Apple’s new support for DoT and DoH creates further steps and a (potentially) more complicated DNS resolution path:

  1. Resolution of captive portal test zones using the network provided DNS resolver
  2. Encrypted resolvers set by VPN configuration
  3. Encrypted resolvers set by MDM products
  4. Encrypted resolvers set by device owners
  5. Encrypted resolvers set by domain owners
  6. Encrypted resolver set by apps
  7. Traditional unencrypted resolvers set by users or DHCP

While the first four make sense, items five and six are where businesses should tread carefully to avoid introducing risks.

For step five, encrypted resolvers can now be specified by domain owners using (Adaptive DNS Resolver Discovery). Once this process has occurred, all subsequent DNS queries to that domain are sent to the encrypted resolver specified by the domain owner. This will bypass DNS firewalling of known malicious fully qualified domain names and prevent the use of analytic techniques that find DNS data exfiltration and other misuses of DNS. Beyond the standard itself, Apple’s only documentation is a few minutes of video during the most recent WWDC.

In step six, the same set of risks is introduced by giving individual applications control over the DNS resolution path. Imagine the TikTok app abusing this to collect even more data about their user’s behavior within the application. While it is also possible for applications to directly build a DNS resolver within as Mozilla has with their browser, doing so does not make it a good idea. It creates new risks without solving the privacy problem.

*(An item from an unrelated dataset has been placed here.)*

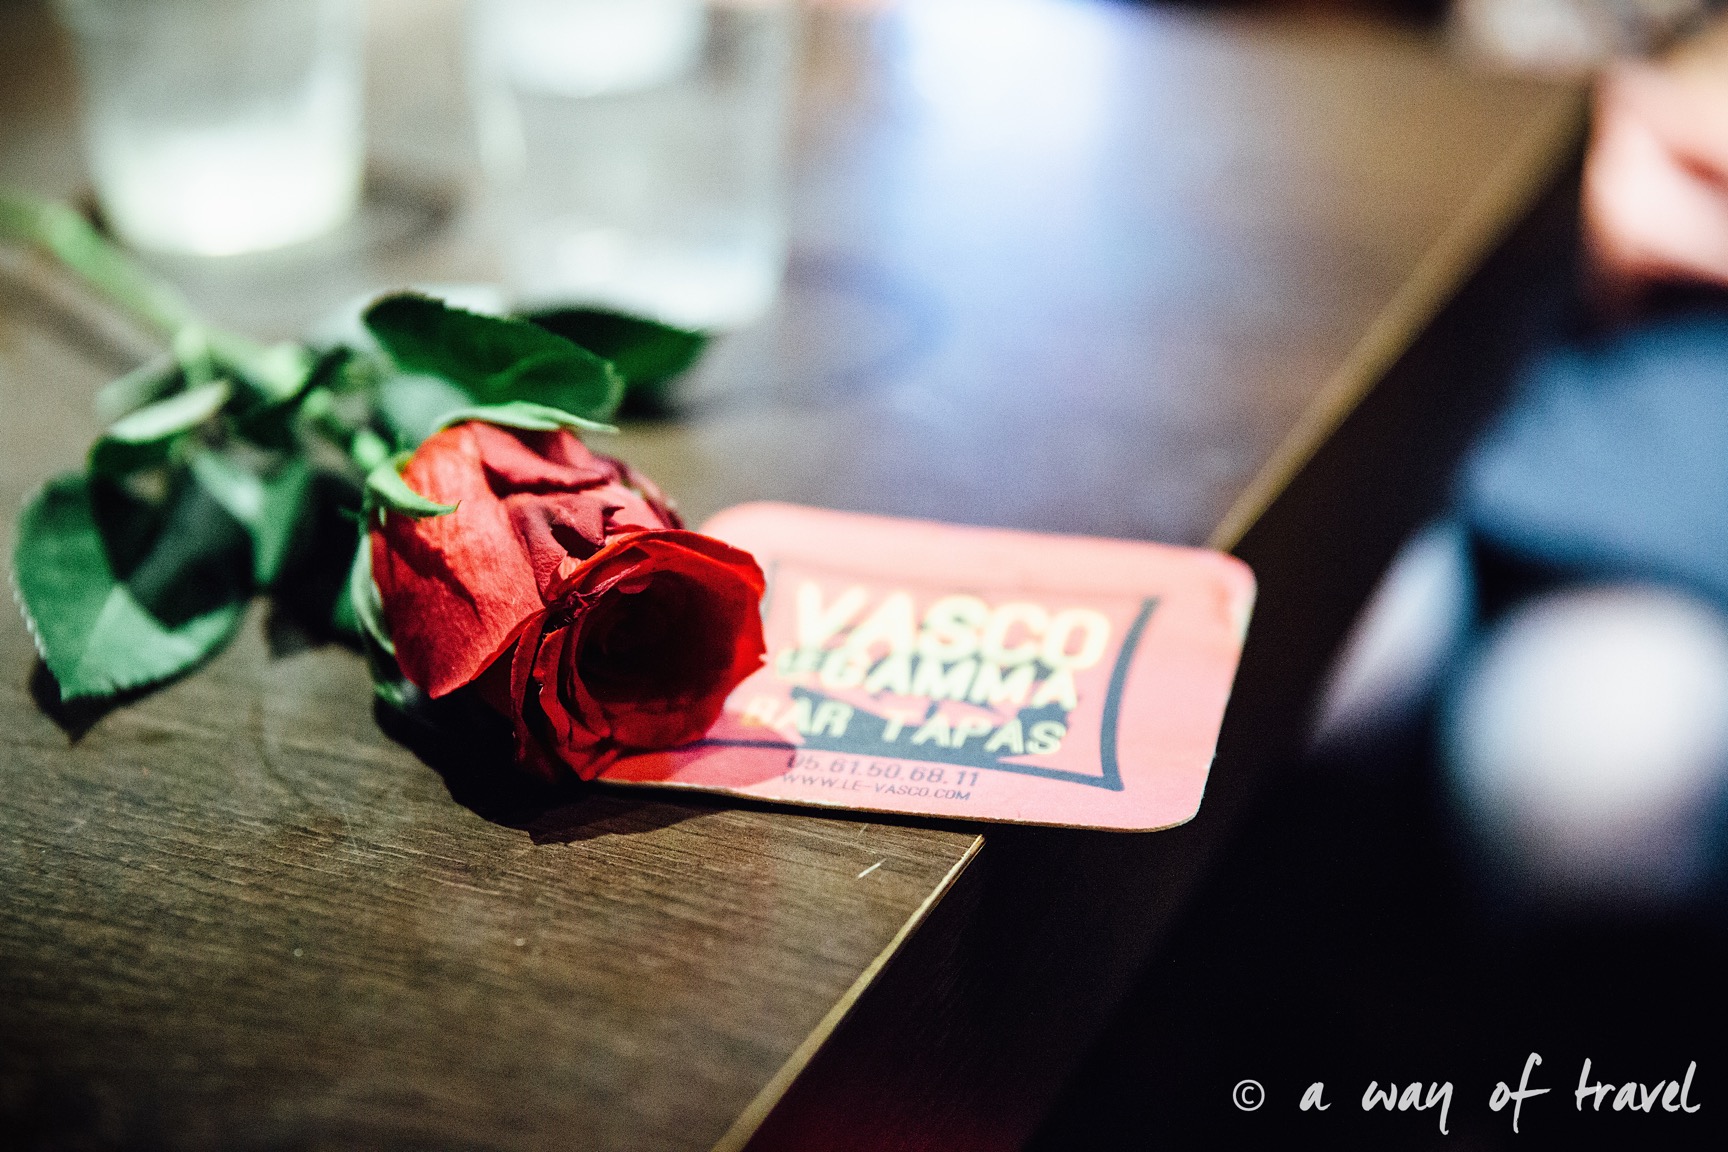 Vente aux enchères de célibataires au Vasco #6 !
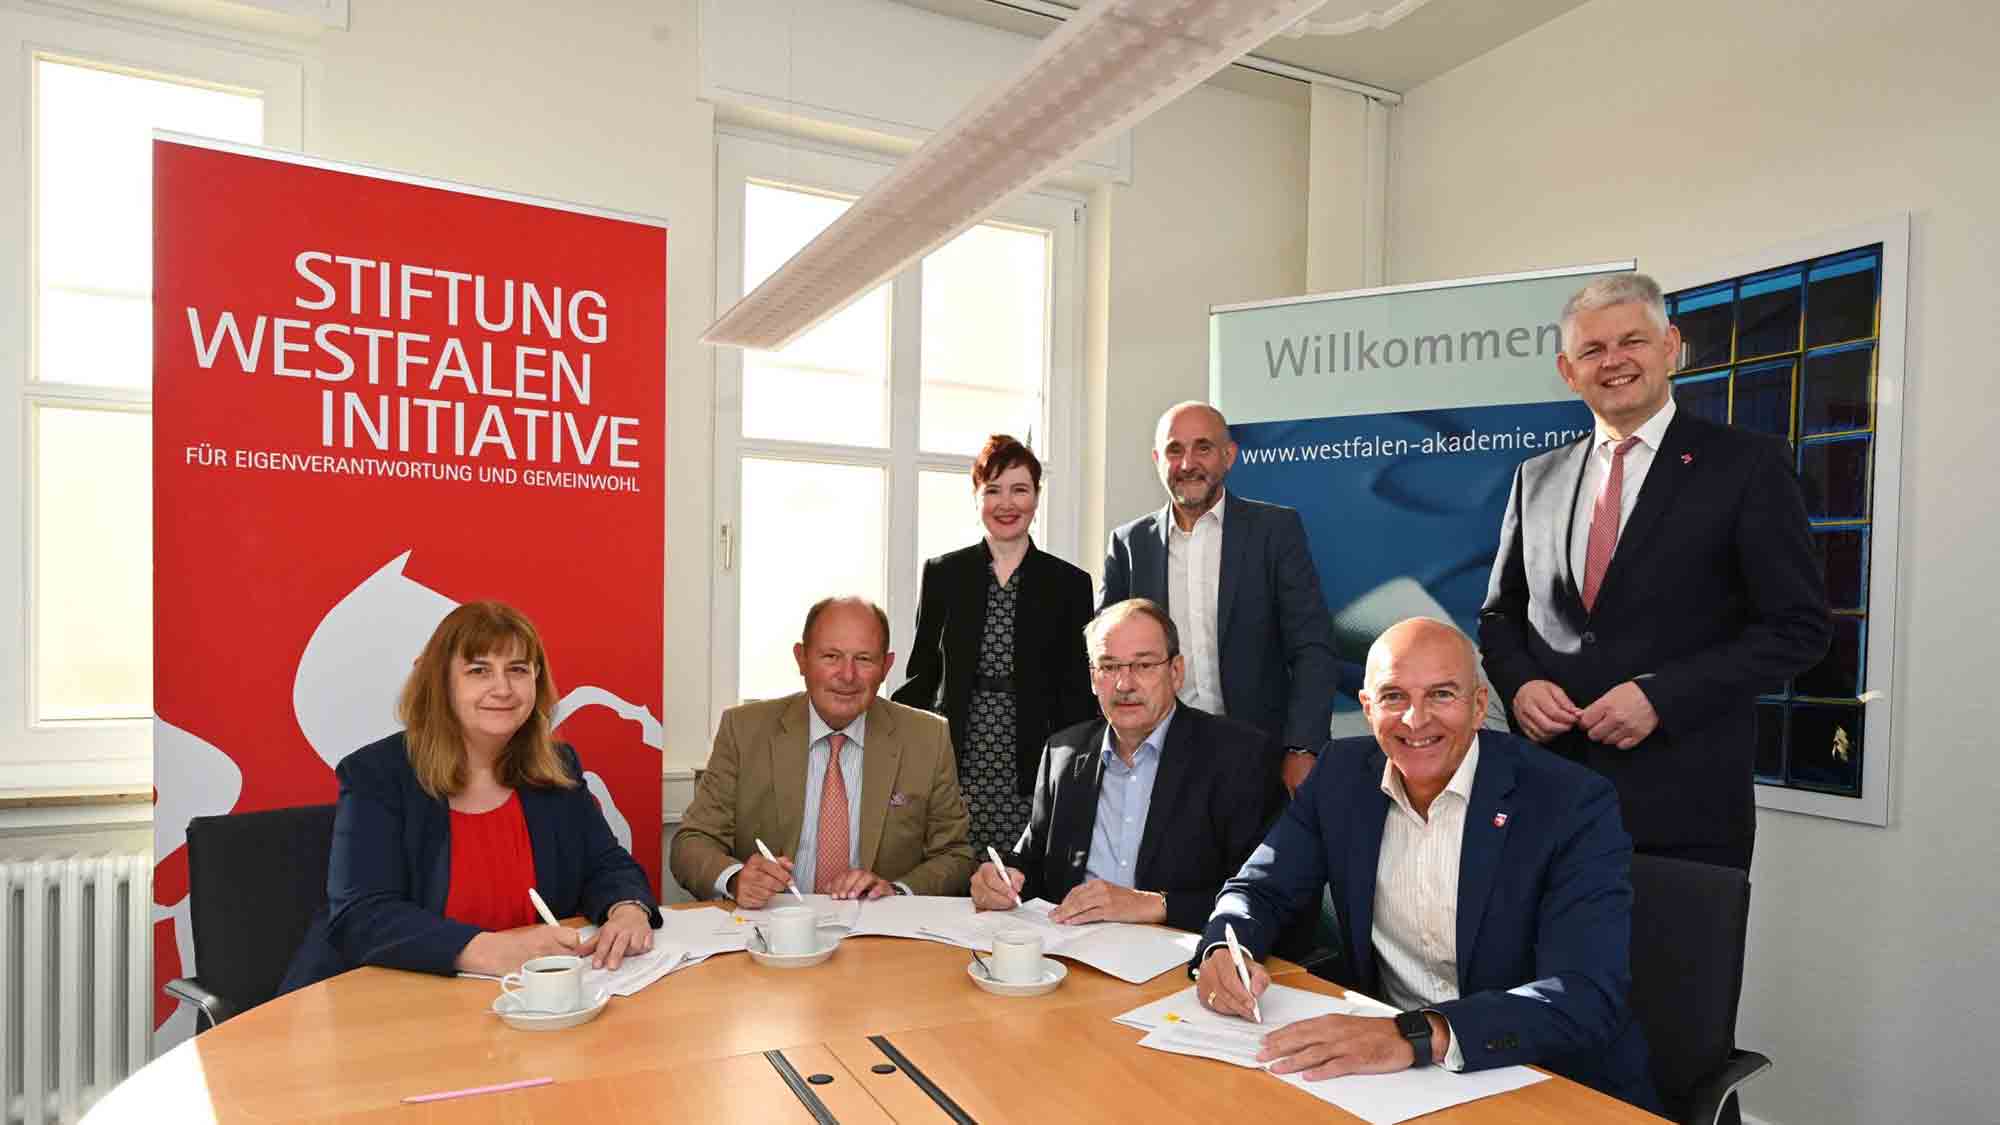 Westfalen Akademie mit neuer Partnerorganisation

The best way to prevent the security risks introduced by steps 5 and 6 is to block encrypted DNS services not provided by your network and provide your own encrypted DNS service that works with steps three and four.


Support for experimental DNS HTTPS and SVCB records


While these new record types offer exciting applications in speeding up the Internet, the negative is that they also bypass traditional DNS protections like RPZ. In particular, a new ‘hints’ functionality allows a fully qualified domain name (FQDN) domain to be queried and return several values.


One of those new values is the IPV4 and IPV6 hints. These hints contain IP addresses that will not be examined against your threat feeds by RPZ. Content delivery networks like Cloudflare already support these new record types. Any malware that gets hosted on their CDN will be accessible to the updated Apple devices without being blocked by your DNS Firewall. These record types are also used by the domain resolution process above.

A look ahead


The IETF has signaled it will ratify HTTP/3 and Encrypted Client Hello in 2021. These protocols offer increased performance and security with a hidden impact on your security policies. These new standards clear up a weakness used by transparent proxy and secure web gateways to filter Internet access on devices that can’t, or the user won’t, support an explicit proxy. Most IoT and BYOD devices on enterprise networks fall into this category.


The result of these changes is significant upheaval in enterprise and service provider delivery of security and content filtering services. Implementing encryption at the DNS resolver on your network allows you to remain in control of your user’s network experience and to continue to provide security and content filtering that your policies require.

It’s great to see the NSA’s recommendations mirror what we’ve previously advised customers and help demystify DNS security for businesses. Google, Apple, Mozilla, and Microsoft have rolled out DoT and DoH in the last few years to protect the consumer Internet.


These changes are intended to promote encrypted DNS use regardless of who operates the DNS service. Unfortunately, these changes to secure traffic on the consumer-facing Internet negatively affects enterprise networks’ security. Fortunately, businesses can protect networks from undue risk by running a DoH resolver and blocking access to other ones.


Additionally, the loss of transparent proxy functionality will be felt acutely by security teams for years to come. A transparent proxy could be used with most devices on the network. The last place that security teams have left to enforce policy across most devices agnostically is the DNS resolver. The NSA’s advisory helps businesses get there.